[[ Recorded data open ]]

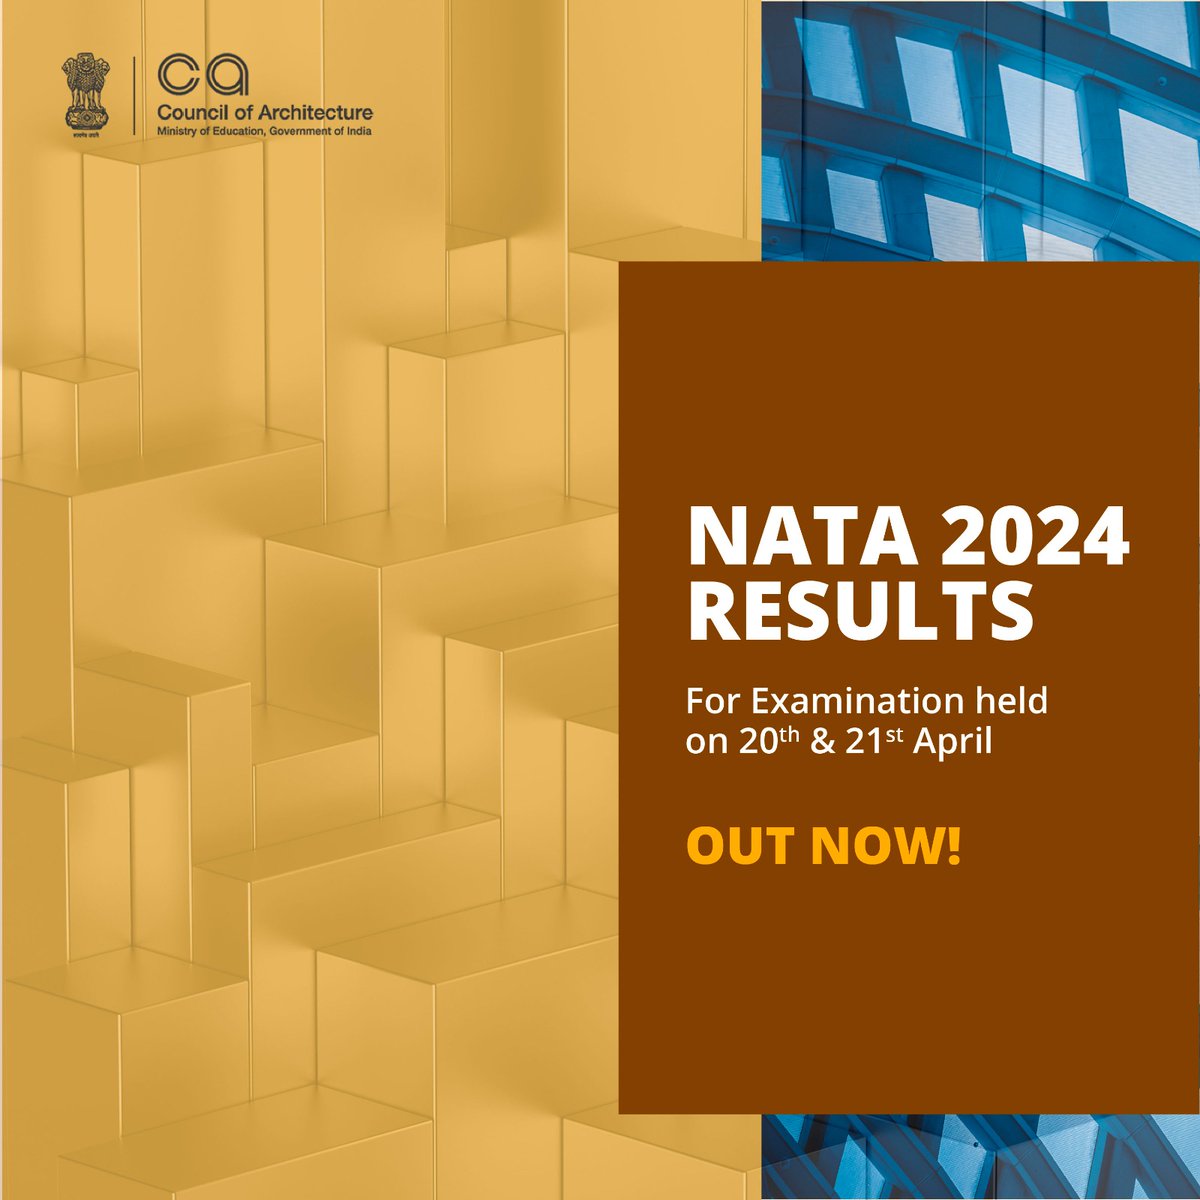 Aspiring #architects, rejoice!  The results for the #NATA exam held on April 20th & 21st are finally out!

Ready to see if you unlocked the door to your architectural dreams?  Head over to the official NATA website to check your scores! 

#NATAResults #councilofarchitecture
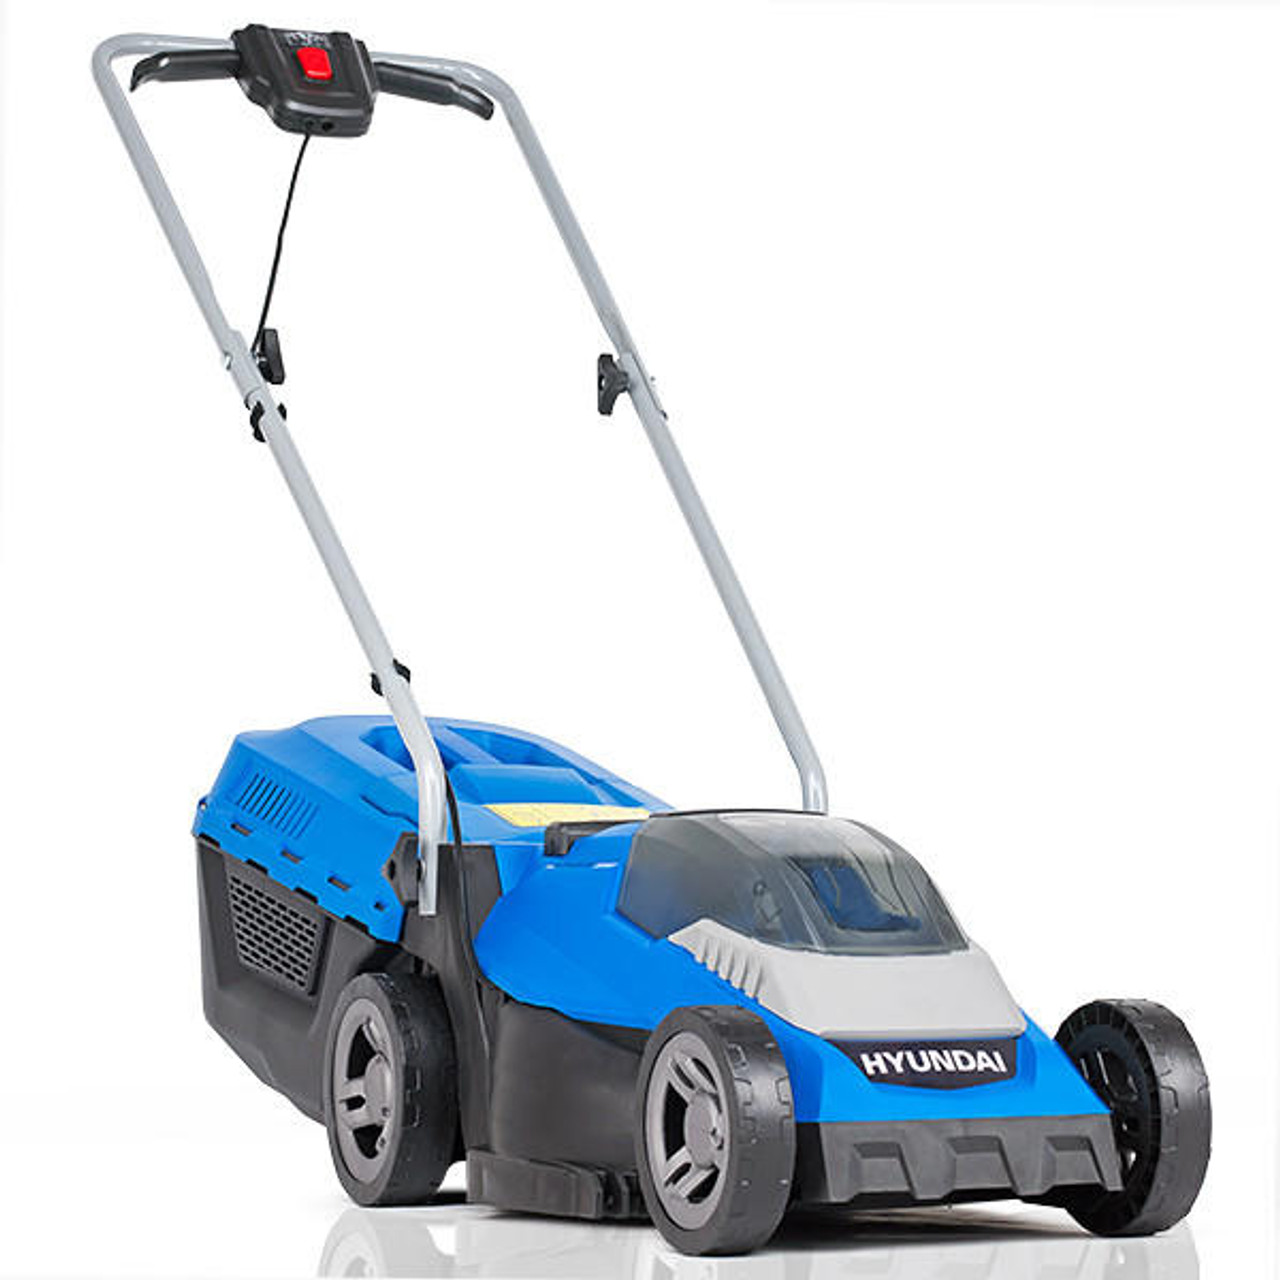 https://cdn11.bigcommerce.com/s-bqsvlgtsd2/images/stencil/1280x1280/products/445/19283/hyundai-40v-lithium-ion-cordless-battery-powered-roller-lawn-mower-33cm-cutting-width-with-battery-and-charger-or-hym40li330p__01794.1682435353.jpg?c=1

[[ Recorded data closed ]]

== Assigned task ==
Your answer should set down the listing verbatim and leave out its images.

== Answer space ==
 Aspiring #architects, rejoice!  The results for the #NATA exam held on April 20th & 21st are finally out!

Ready to see if you unlocked the door to your architectural dreams?  Head over to the official NATA website to check your scores! 

#NATAResults #councilofarchitecture
 https://cdn11.bigcommerce.com/s-bqsvlgtsd2/images/stencil/1280x1280/products/445/19283/hyundai-40v-lithium-ion-cordless-battery-powered-roller-lawn-mower-33cm-cutting-width-with-battery-and-charger-or-hym40li330p__01794.1682435353.jpg?c=1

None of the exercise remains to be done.